FilmStarrr (Celebrity Interviews)

Stuf ... (Product Reviews)

...and Nonsense (Site News)

Linkage

Hit me up, yo! (Contact)

 

 

 

 

For the young ‘uns in our midst, I feel the time has come to expose the uninitiated to a trunk full of the cool.  A Long Time Ago, on a mystical planet far, far away, lived a poor and tiny Gallic mite named Edith Gassion. In an effort to alleviate her extreme financial discomfort, Edith perched on the street corners of Paris, and in a voice entirely bigger than her own 4’ 8”; she would belt her heart out for passersby in hopes of catching loose change tossed her way. You couldn’t hold a girl like Edith down though, and sure enough, she gets discovered singing away on her street corner, has her named changed (- Hello, Piaf!), and the power and brilliance of her voice raises her to international fame.

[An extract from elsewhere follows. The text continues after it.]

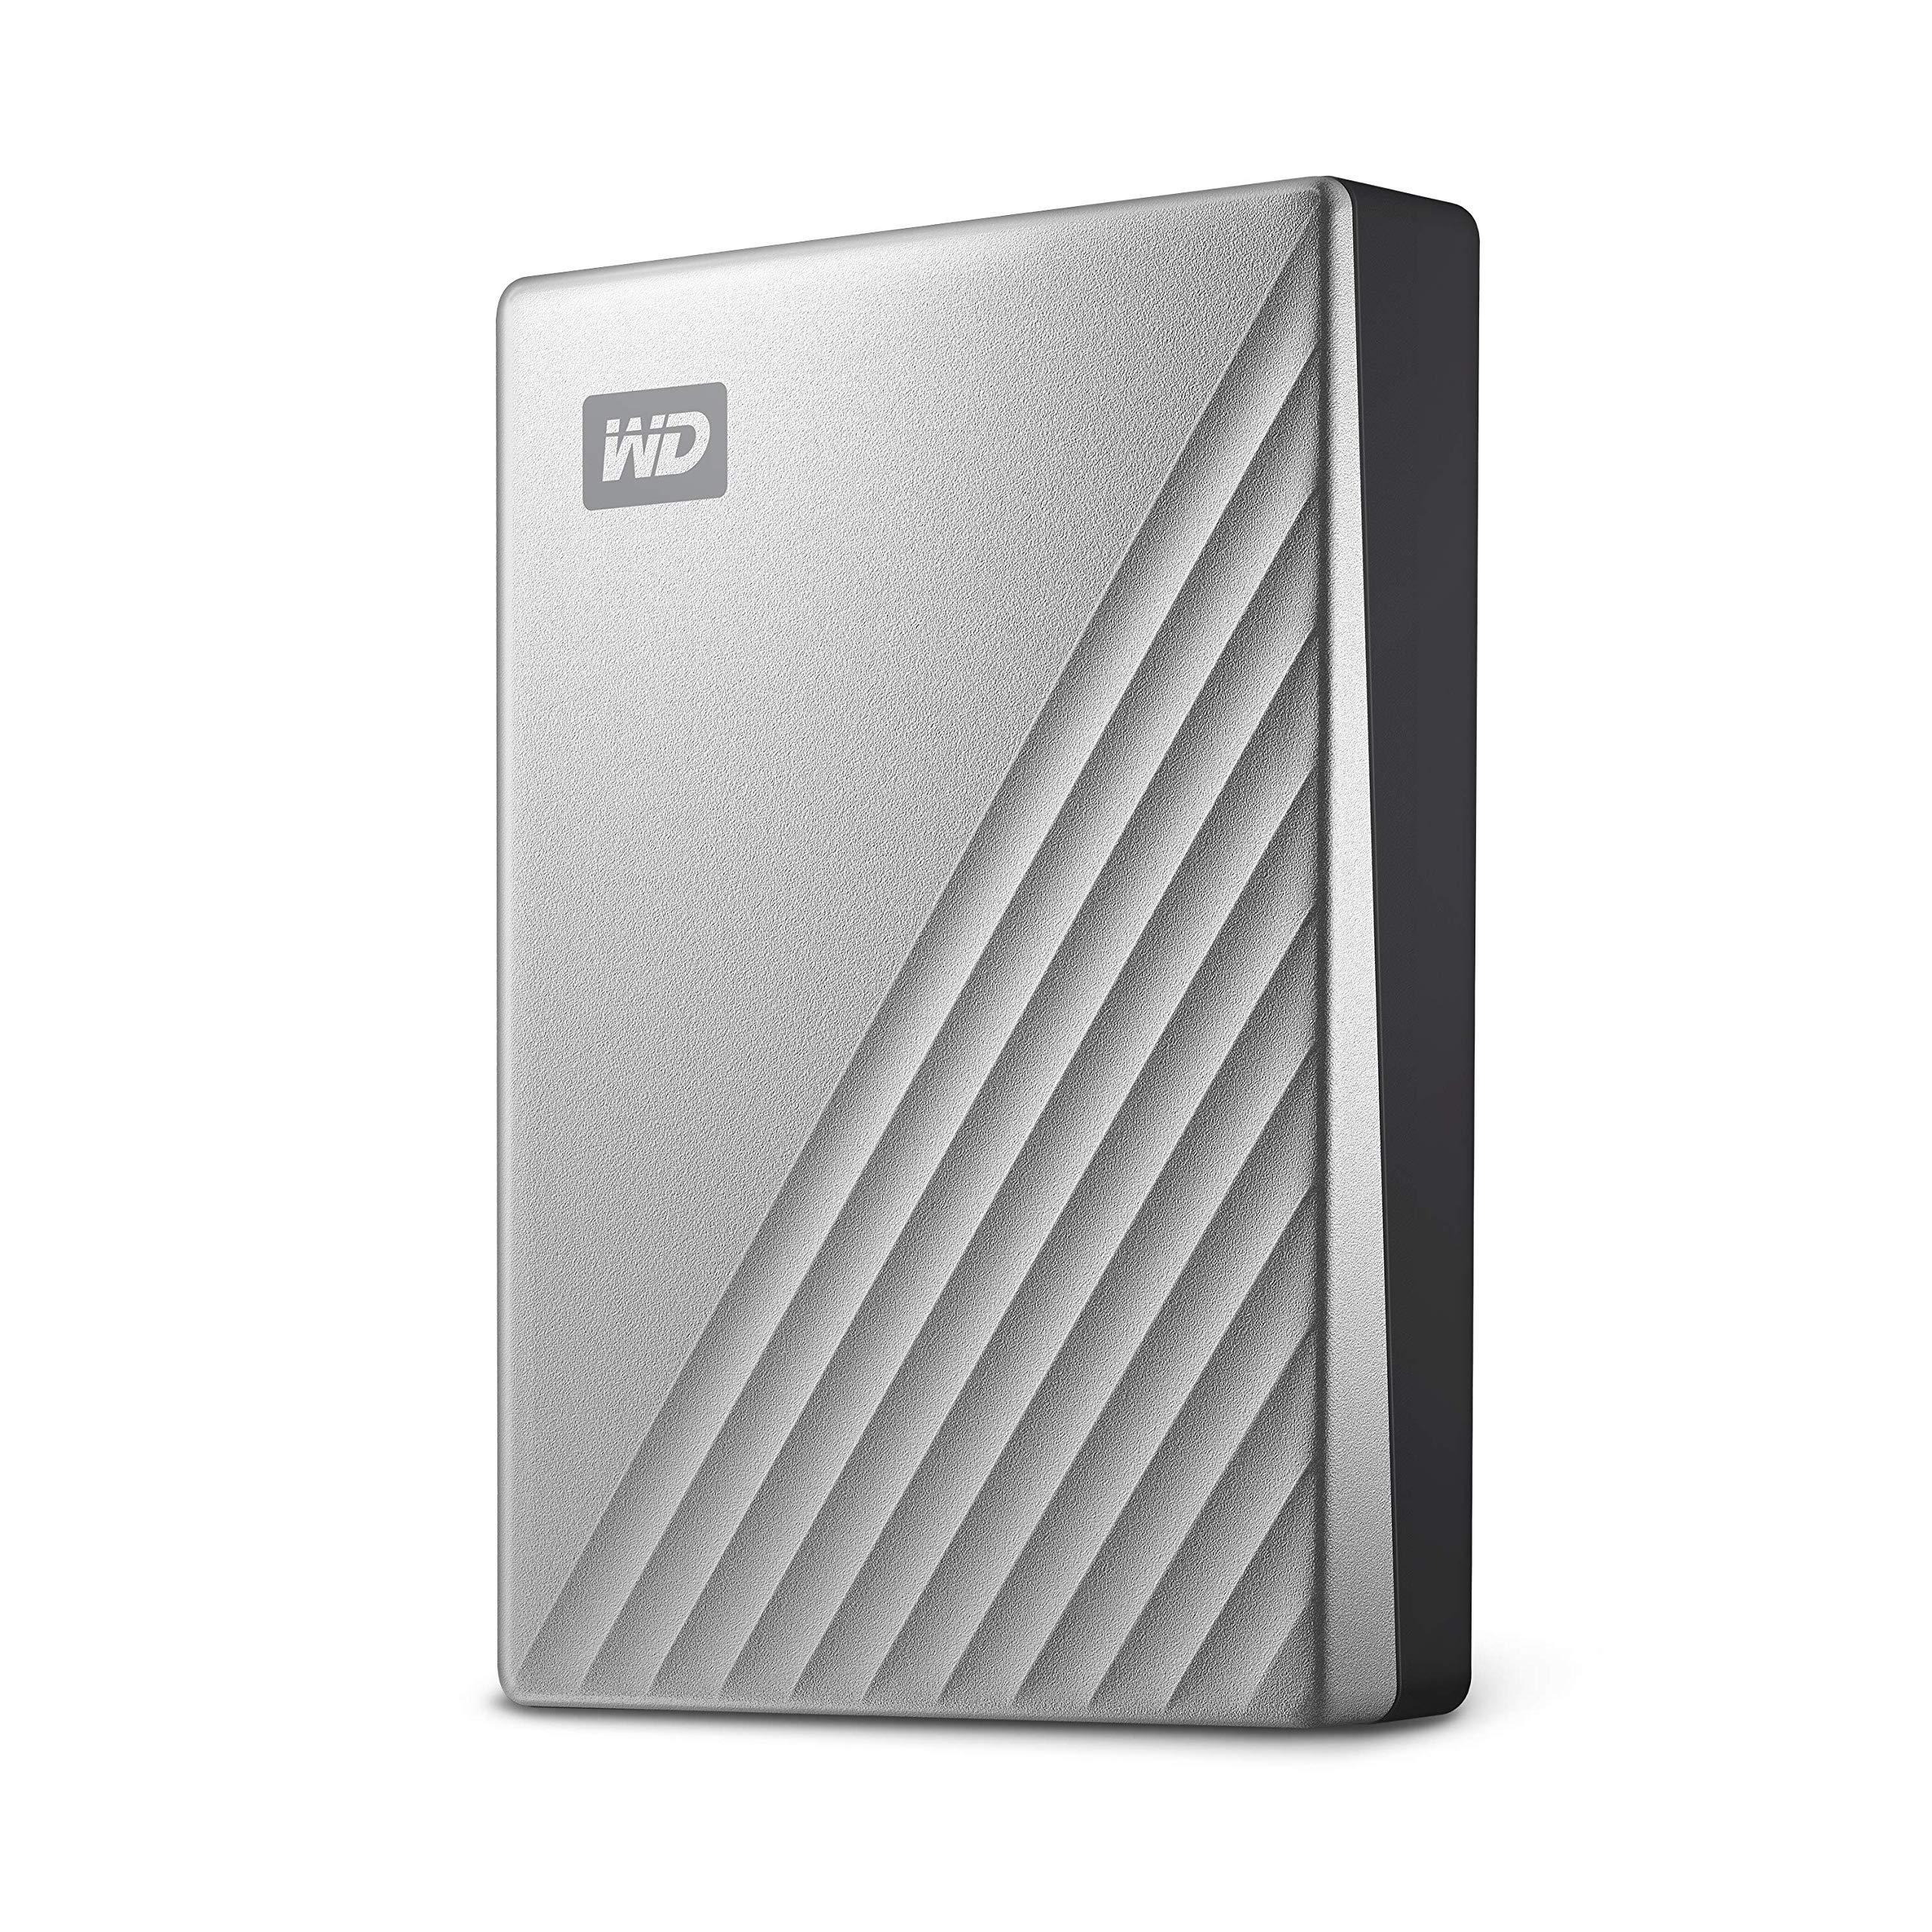 Western Digital 4TB My Passport Ultra Silver Portable External Hard Drive, USB-C - WDBFTM0040BSL-WESN

Sadly, the ghosts of her torrid, impoverished past are never far from her, and her decline from drug addiction and cancer that resulted in her death at the age of 47, only added to her legend. 

Phew! That there’s quite a nutshell of quite a life. Apparently, French movie studios had minimal interest in representing this national icon of France, and there was previously only one feature film made about Piaf’s life (- Edith et Marcel – 1983). Luckily, director Olivier Dahan is made of sterner stuff. His portrait of the life of Edith Piaf is a wonder. It is a remarkable study in baroque storytelling. Neither lionising nor demonising his subject, Dahan isn’t content to lean on the well-known stories of Piaf’s life; her association with celebrities, and her alleged tyrannical behaviour around those closest to her. He proceeds with Piaf’s story (- he also wrote the script and adapted the screenplay) as if he had never heard of her before. There was an authenticity in the story he tells that makes what is essentially a period tale of a woman who first rose to notice in the 1930’s and died in 1967, as gripping and current as if it had happened yesterday. Dahan’s unusual technique narrating in of a sort of inside out figure-8 pattern is gripping in itself: Beginning from Piaf on stage in the 1950’s, to her traumatic, awful childhood, her youth as a street singer and her prime on the nightclub circuit, to her shocking last days resembling an ill, fragile 74 year-old, instead of the 47 years she was at her death. Dahan weaves the different time frames in and out of each other, every switch in time revealing something more about Edith and keeping us absorbed in the intensity of her life. Dahan’s use of colour palettes also adds to the storytelling, as the early days of Edith’s life are all shown in tones of faded sepia and dust-bowl brown, and as her age and fortunes progress the colours brighten and intensify. The scenes in 1940’s New York with her lover, boxer Marcel Cerdan, are sleek and glossy, and scenes of her joyride across the sunny Palm Springs desert in a convertible are saturated with colour as to be nearly blinding. Washed out watery blue tones signify older Edith, when the ravages of morphine addiction and illness have taken their toll. 

Marion Cotillard plays Edith from her teenage years, singing for spare change on street corners, up through her final days. Hers is an amazing performance and a remarkable feat. Not only does Mlle. Cotillard not cavil at playing the troubled icon, but she jumps into Piaf’s skin, giving depth and dimension to the legend. Piaf’s physical appearance was as distinct as her voice; the diminutive stature (- not helped by a self-conscious hunch, which seemed equal parts rheumatism, and waiting for life to deal her the next blow), the whiplash brows over the huge saucer eyes; the frail body that looked like a misplaced breeze could knock her over. Cotillard gets it all down, inhabits Piaf’s characteristics so much so that you lose Cotillard behind Edith. We see the origin of Piaf’s expressive stage presence, Cotillard’s arm movements are signature, but never pastiche. Her stance during Edith’s singing is sturdy as if the act of having that powerful voice run through Piaf’s frail body would be too much for her.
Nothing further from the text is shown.